Однажды я не выдержала и пожаловалась Конде:

– Твоя мать гадко ведет себя с Дени!

Он закатил глаза:

– Не выдумывай! Сама знаешь, что твой сын бывает ужасным… рохлей. Девчонкой. Не то что Абдулай!

– Будь любезен, избегай впредь подобных сравнений! – высокомерным тоном потребовала я.

Иногда Конде приглашал к нам знакомых гриотов, чтобы развлечь мать. Обычно они приходили втроем: два певца аккомпанировали себе на коре, третий играл на балафоне. Они располагались на нашей маленькой террасе, среди соседей, сбегавшихся послушать их. На меня чарующие звуки неизменно производили огромное впечатление. Стаи летучих мышей, взлетавшие к верхушкам деревьев, казались нарисованными углем на фоне графитового неба, и мне чудилось, что все, кого я любила и потеряла, возвращаются и заполняют окружающее пространство.

После концерта Абдулай с гордым видом обходил публику с корзинкой, и каждый клал в нее деньги, а самые восторженные пытались прилепить банкноту на лоб кому-нибудь из исполнителей.

Визит Муссокоро должен был продлиться несколько недель, но закончился гораздо скорее. Как-то раз, во второй половине дня, я отдыхала у себя в комнате. Дверь распахнулась, вошел Конде.
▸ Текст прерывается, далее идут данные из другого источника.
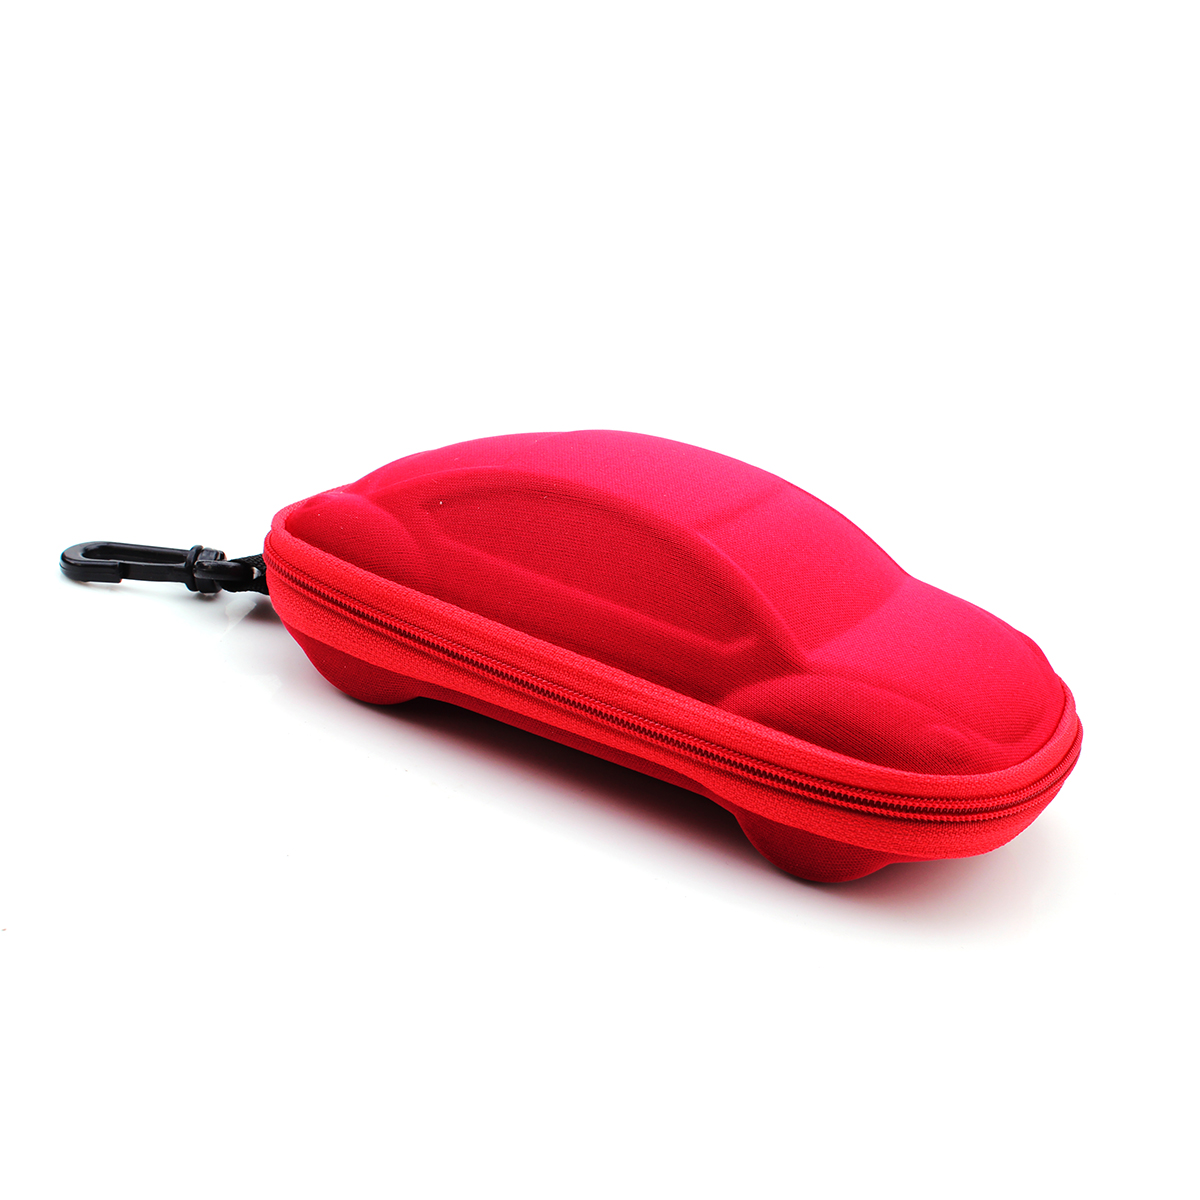 With Hook (2 Red In The Same Color)2 individual a car glasses case Cartoon automobile Model children Sun glasses Box lovely zipper bag Toy box

На нем лица не было от отчаяния.

– Моя мать уезжает!

– Уже?!

– Она говорит, мы плохо ее принимаем.

– Плохо? – изумленно переспросила я.

Он без сил опустился на кровать.

– Мама хочет починить крышу хижины и поменять трубы. Где я возьму столько денег? Придется занять. Но к кому обратиться? У Секу нет ни су.

– Может, попробуешь объяснить ей, что…

Конде не дал мне договорить:

– Она ославит меня перед всеми, если не получит то, чего хочет. Назовет плохим сыном, ничтожеством.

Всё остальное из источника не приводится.